Ignorar la importancia que el sexo tiene en el comportamiento de las
personas sería desconocer el motor de la historia de la humanidad. Y no
sólo de los tiempos en los que procrear era consustancial con la
supervivencia de la especie o del grupo humano de pertenencia, sino de
todos los momentos de la historia, incluidos los actuales, en los que, en
teoría, los anticonceptivos han posibilitado la modificación sustancial del
comportamiento sexual de los hombres y, sobre todo, de las mujeres.
Negar la relevancia motivacional que ha tenido y tiene el interés por
acostarse con esta o aquella señora -en calidad de esposa, esclava o
amante; para procrear o sin querer hacerlo; por deseo compartido o con
compensaciones de uno u otro tipo de por medio- es negar la esencia
misma de la condición humana masculina y, por tanto, omitir un factor
clave en la historia de sociedades eminentemente patriarcales.
Todas las personas, mujeres y hombres, casi sin excepción, muchas veces
han actuado o dejado de hacerlo con el sexo como motivación.
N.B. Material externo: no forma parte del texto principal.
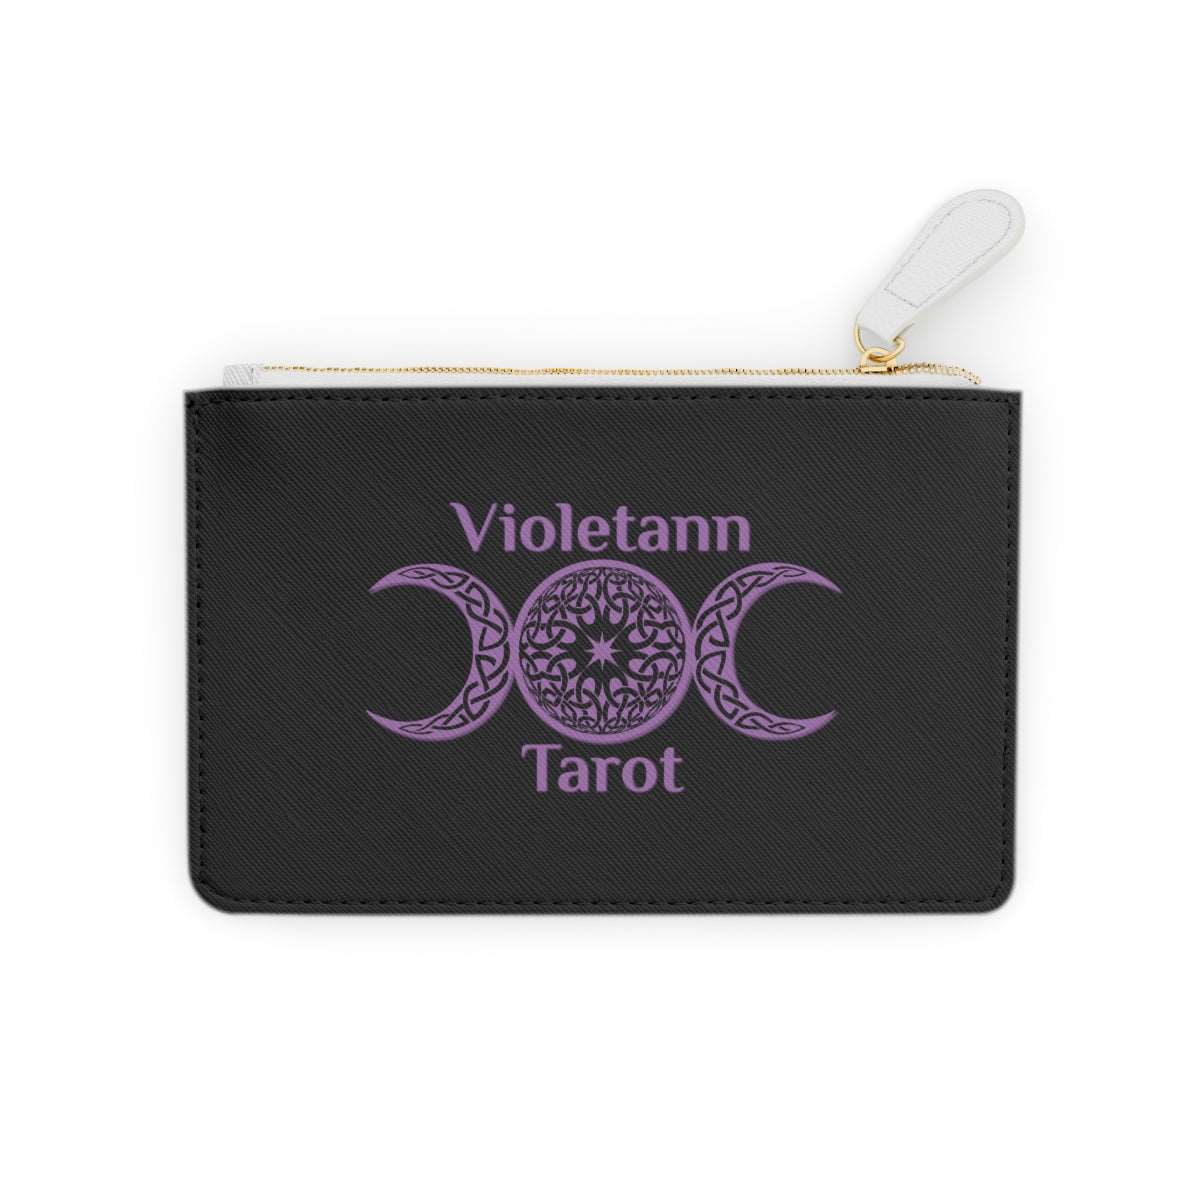 Violetann Tarot Logo -  Black Mini Clutch Bag

Para
comprobarlo basta echar un vistazo alrededor y ver cómo se comportan
tanto los seres humanos reales como los personajes inmortales.
Olvidarse del interés por el sexo de hombres y mujeres y limitarse a tener
en cuenta sólo algunas razones que las personas esgrimen oficialmente
para justificar su devenir por la vida es como hacerse trampas en el
solitario (sin que al término haya que buscarle significados subliminales).
Razón tiene un buen filósofo del sexo como Woody Allen cuando dice que
el amor es la respuesta, pero mientras esperas la respuesta, el sexo
plantea algunas preguntas bastante interesantes.
Acertar en las respuestas a las preguntas sobre sexo -a las que W. A. hace
referencia y a algunas otras- seguro que nos ayuda a comprender mejor
qué motiva a actuar o a dejar de hacerlo a las mujeres y a los hombres
de cualquier latitud, condición social y tendencia sexual.